══ Supplied information

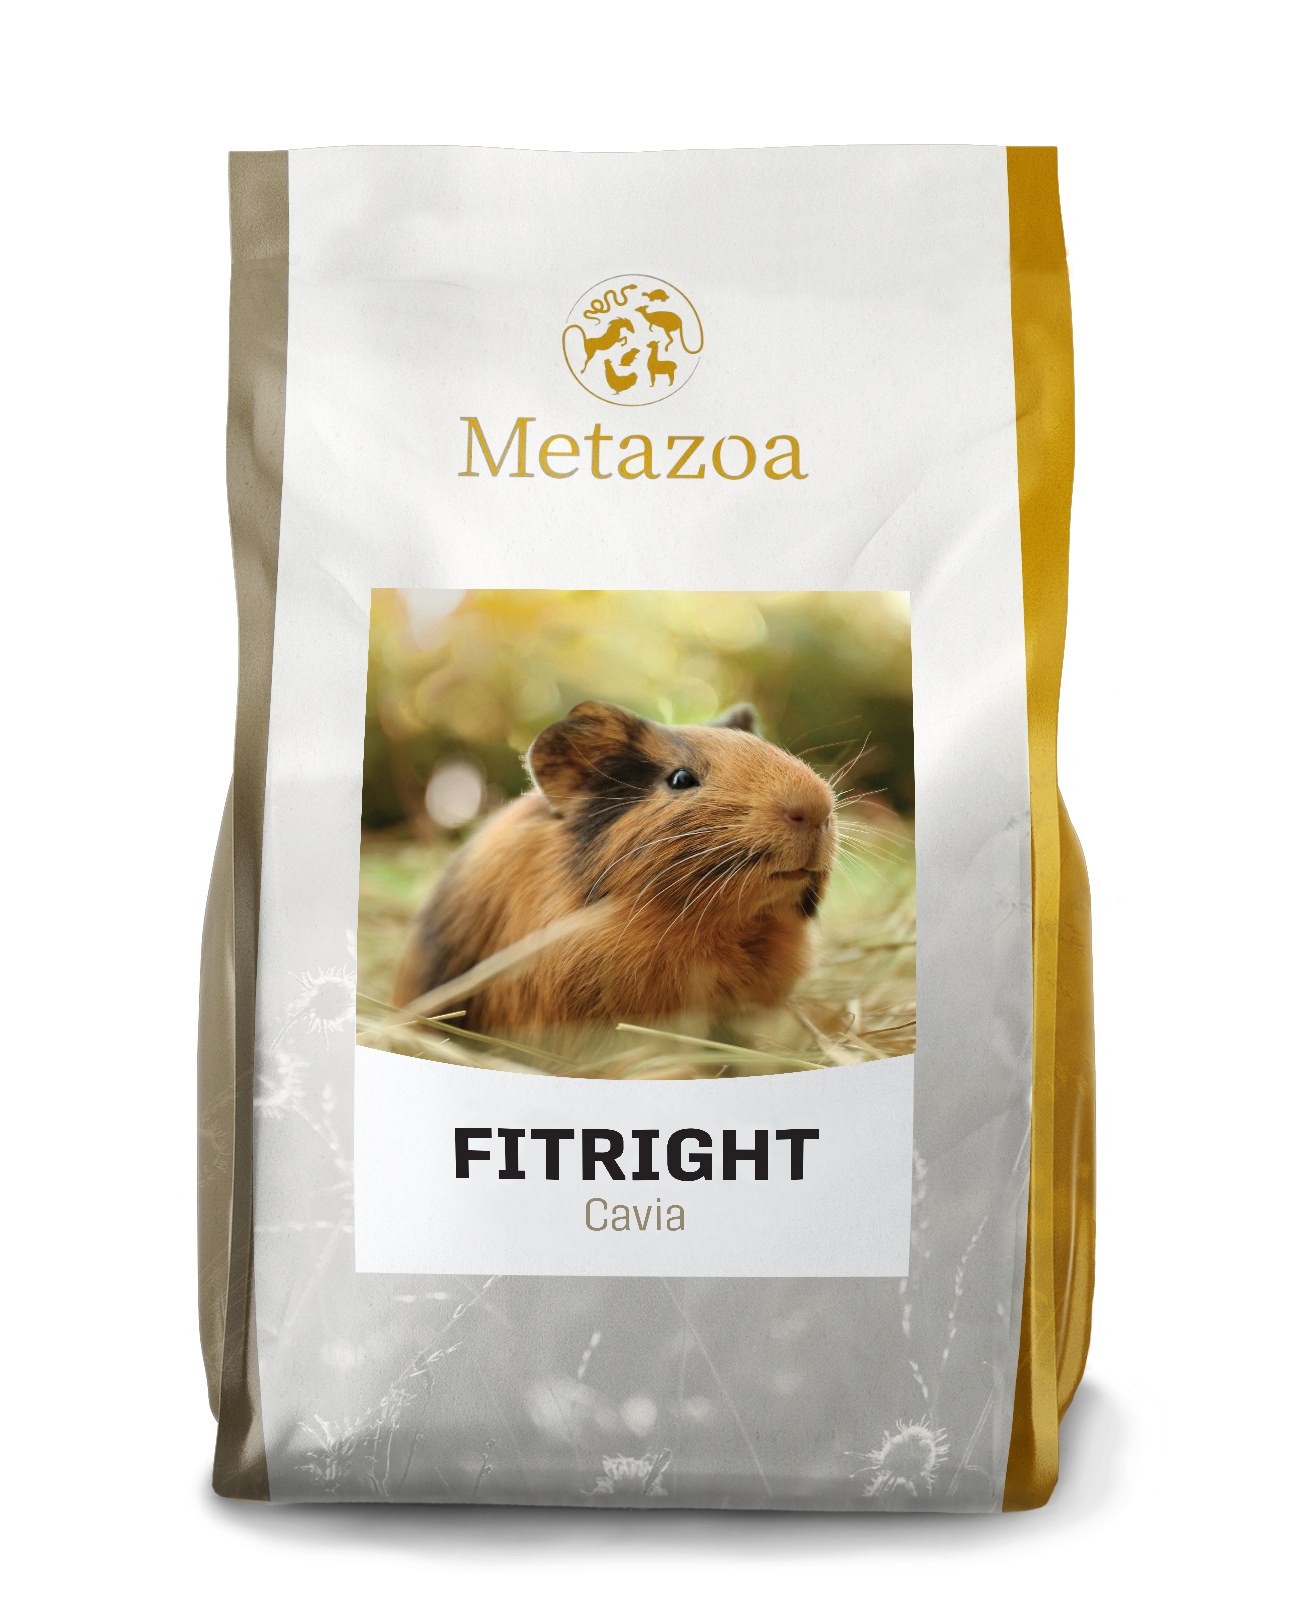 Download Metazoa Verpakking Exotic Fitright cavia 4 kg EAN 4260176355335
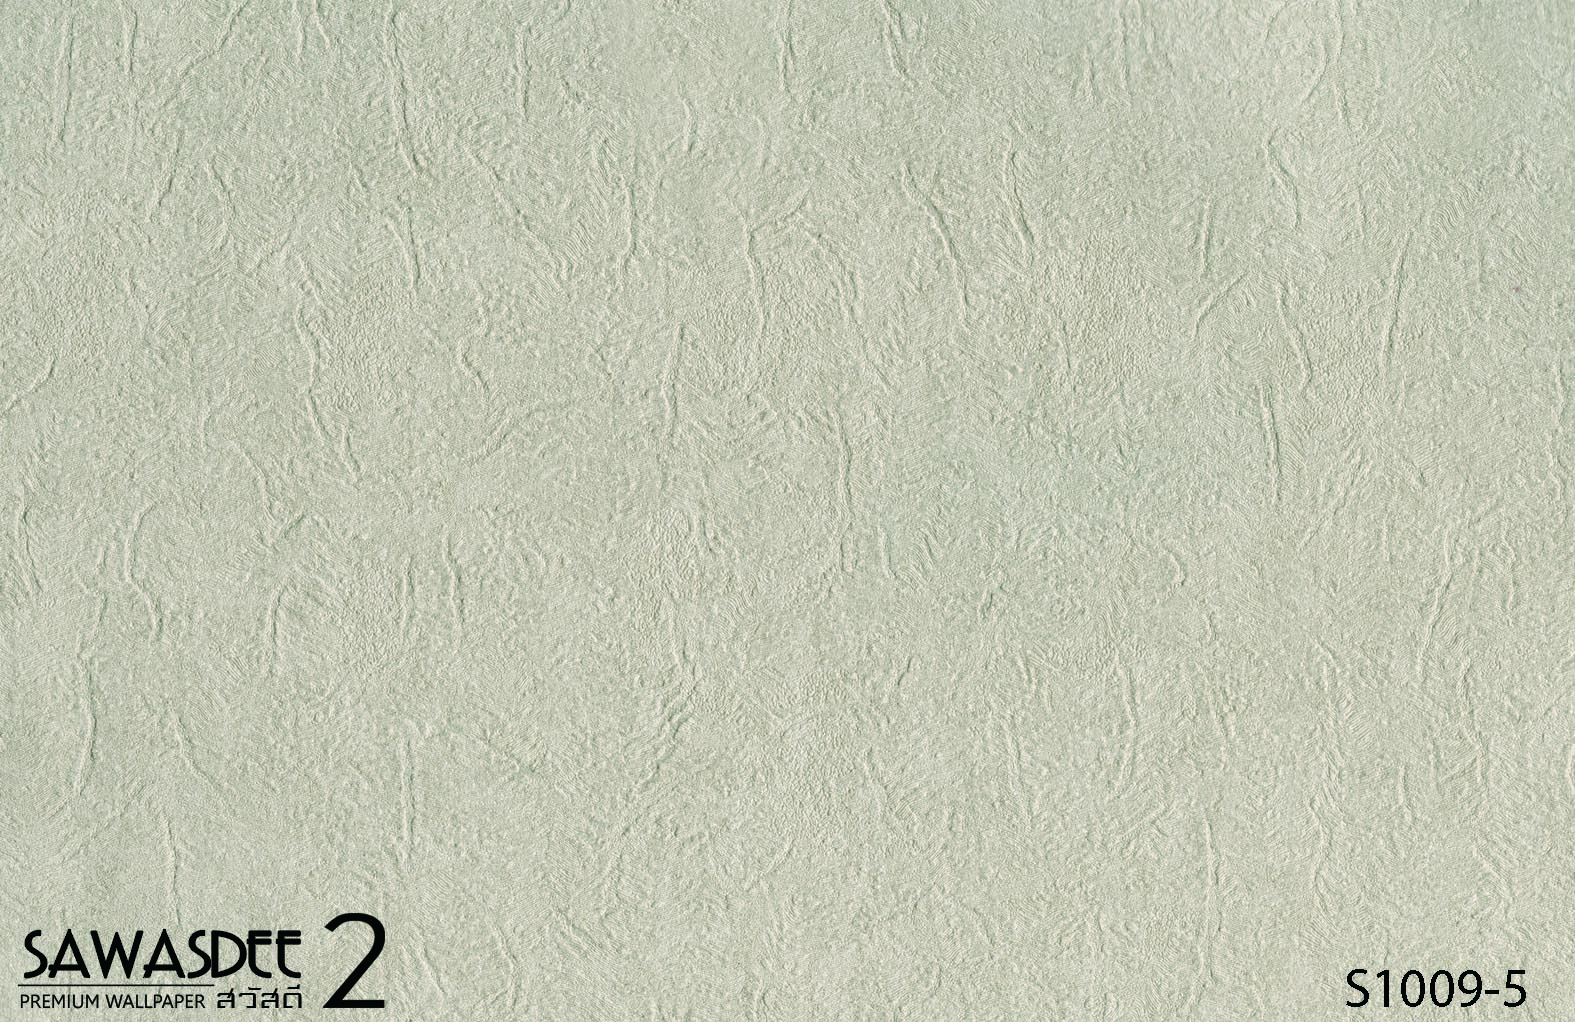 Wallpaper (SAWASDEE 2) S1009-5
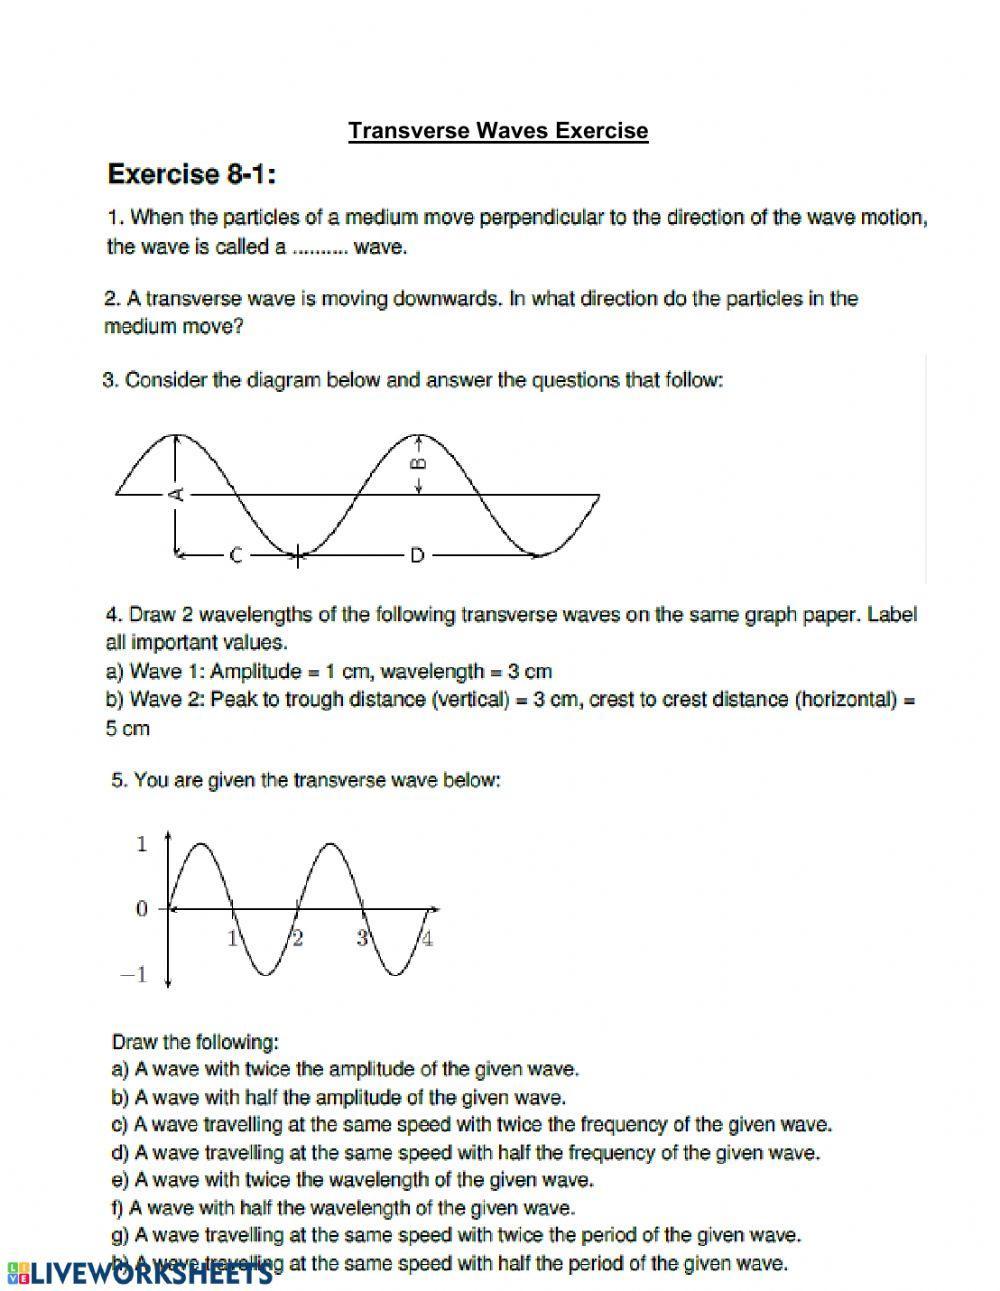 Waves 3: Pulse & Transverse Waves Exercises
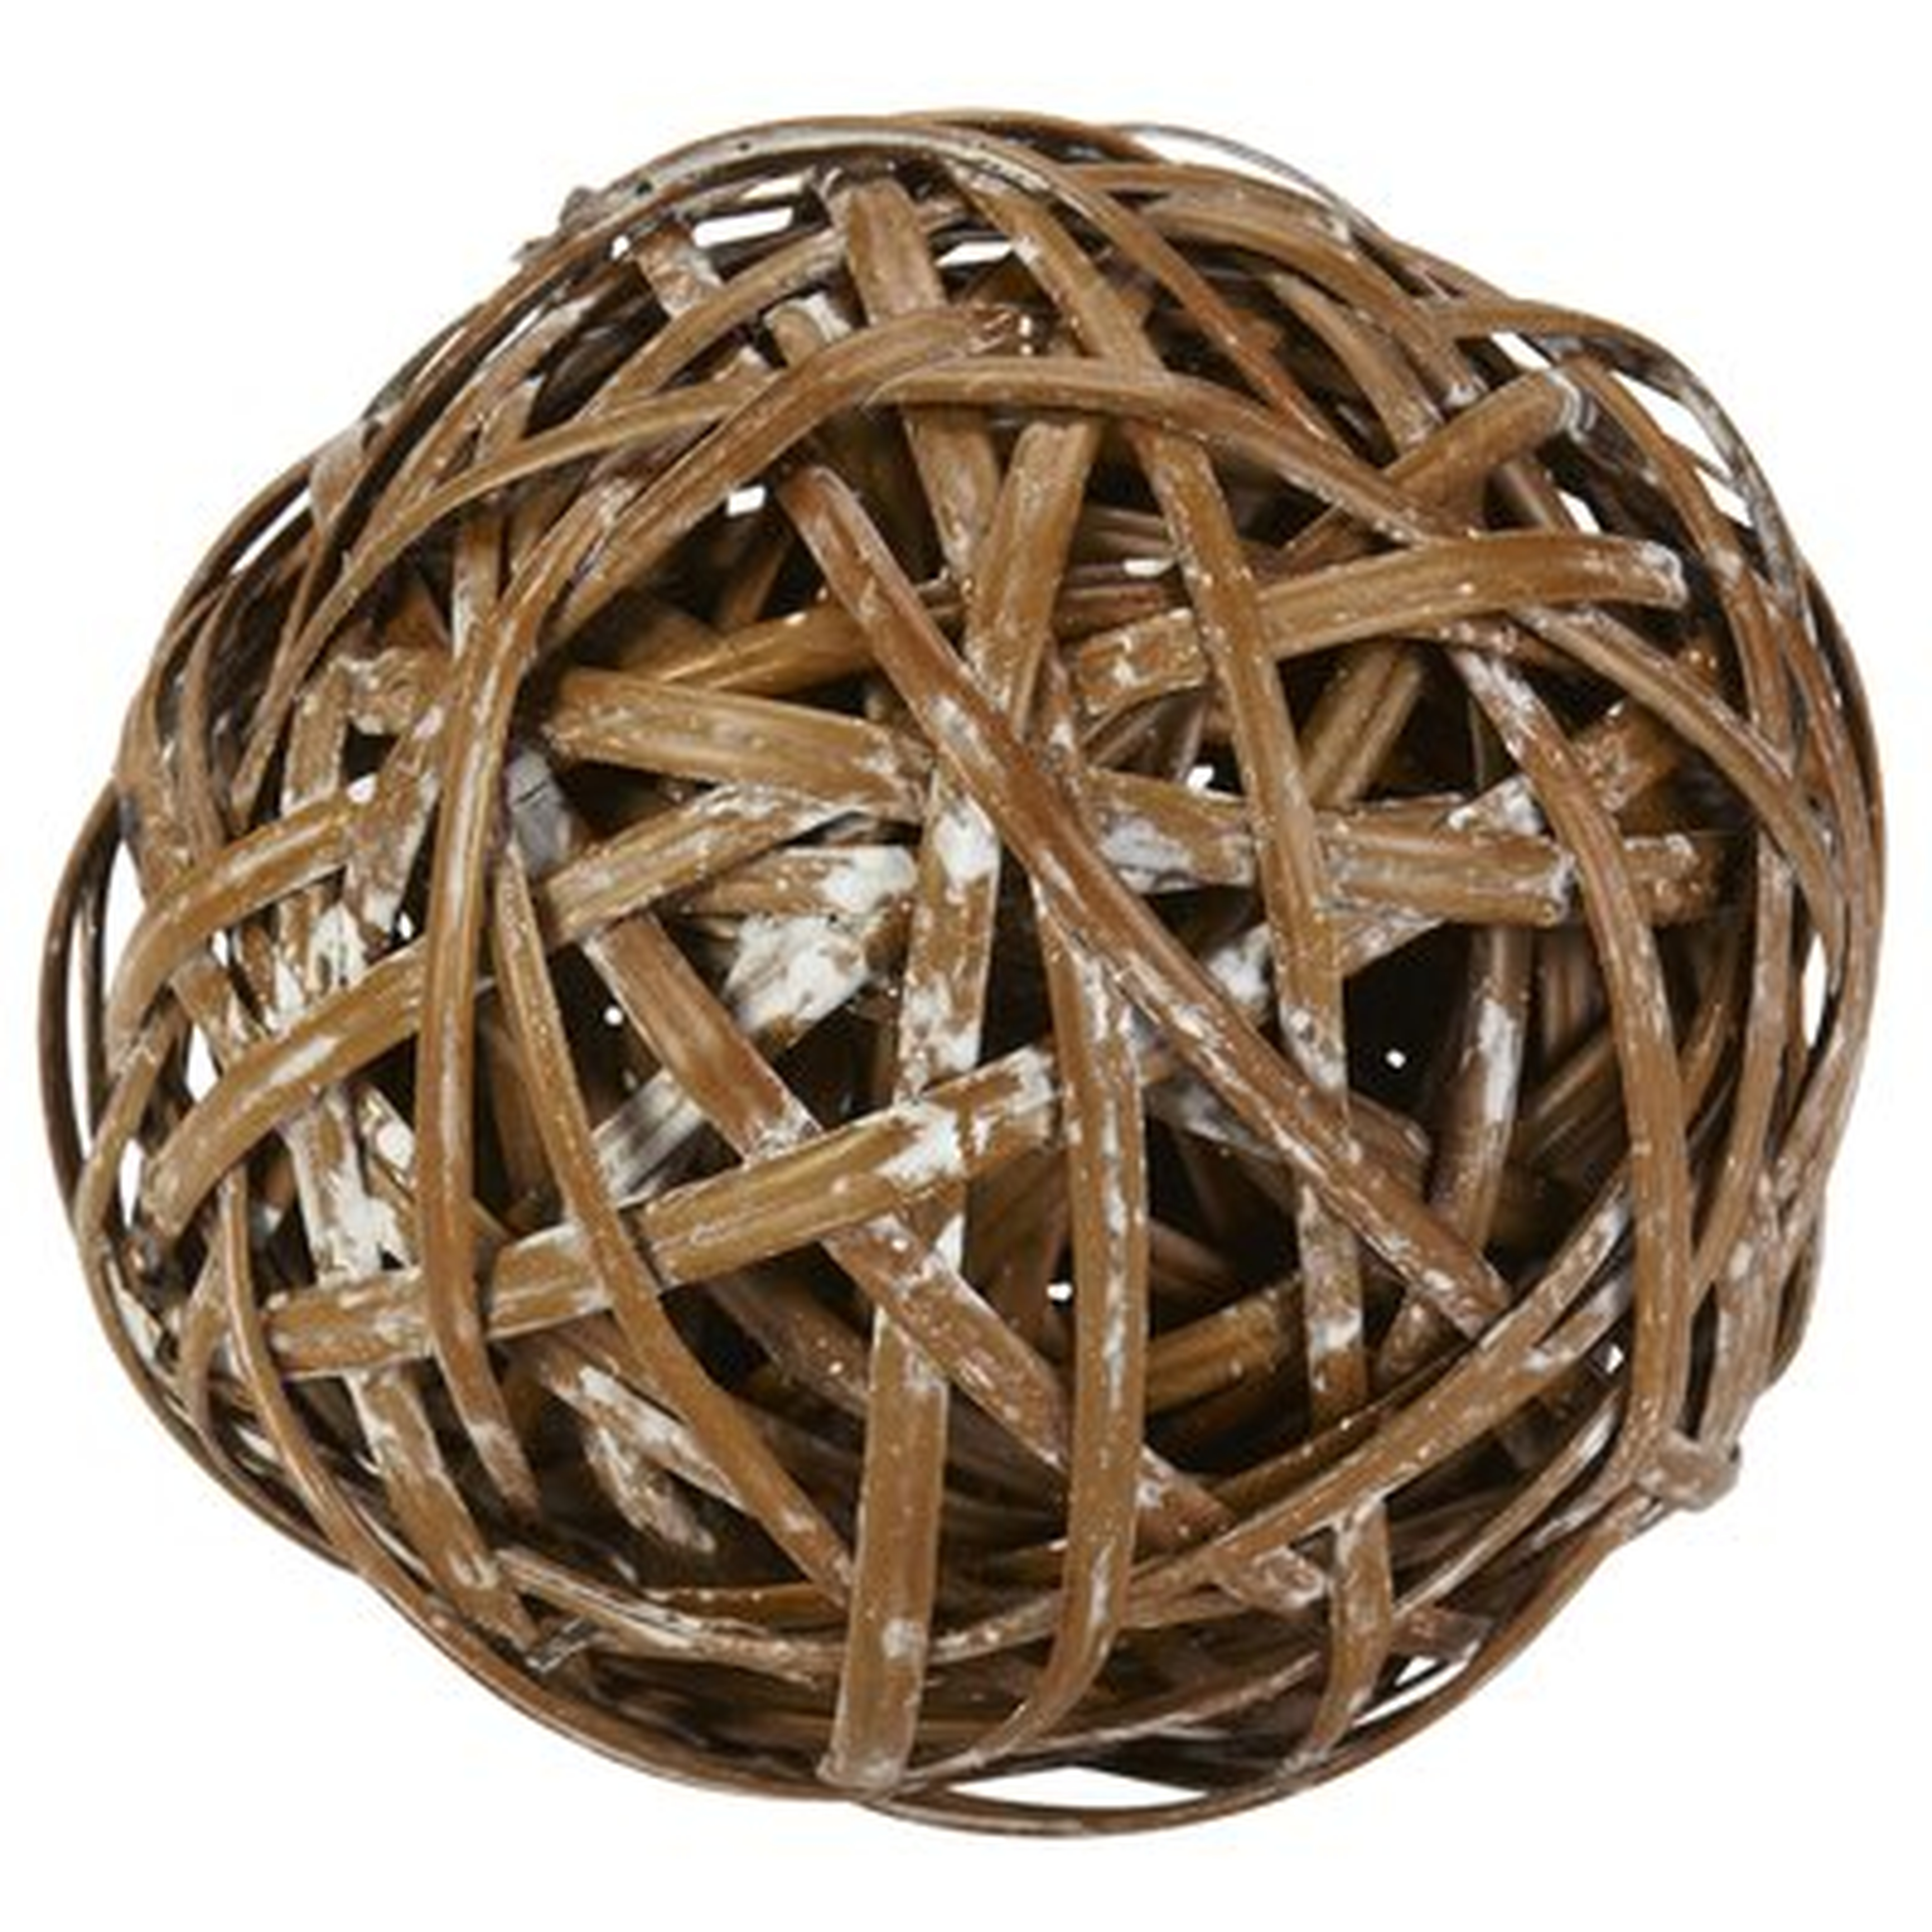 Decorative Balls Sculpture - Wayfair

════

Problem to work on:
The whole listing must come back verbatim, with no pictures included.

Answer to the problem:
 Download Metazoa Verpakking Exotic Fitright cavia 4 kg EAN 4260176355335
 Wallpaper (SAWASDEE 2) S1009-5
 Waves 3: Pulse & Transverse Waves Exercises
 Decorative Balls Sculpture - Wayfair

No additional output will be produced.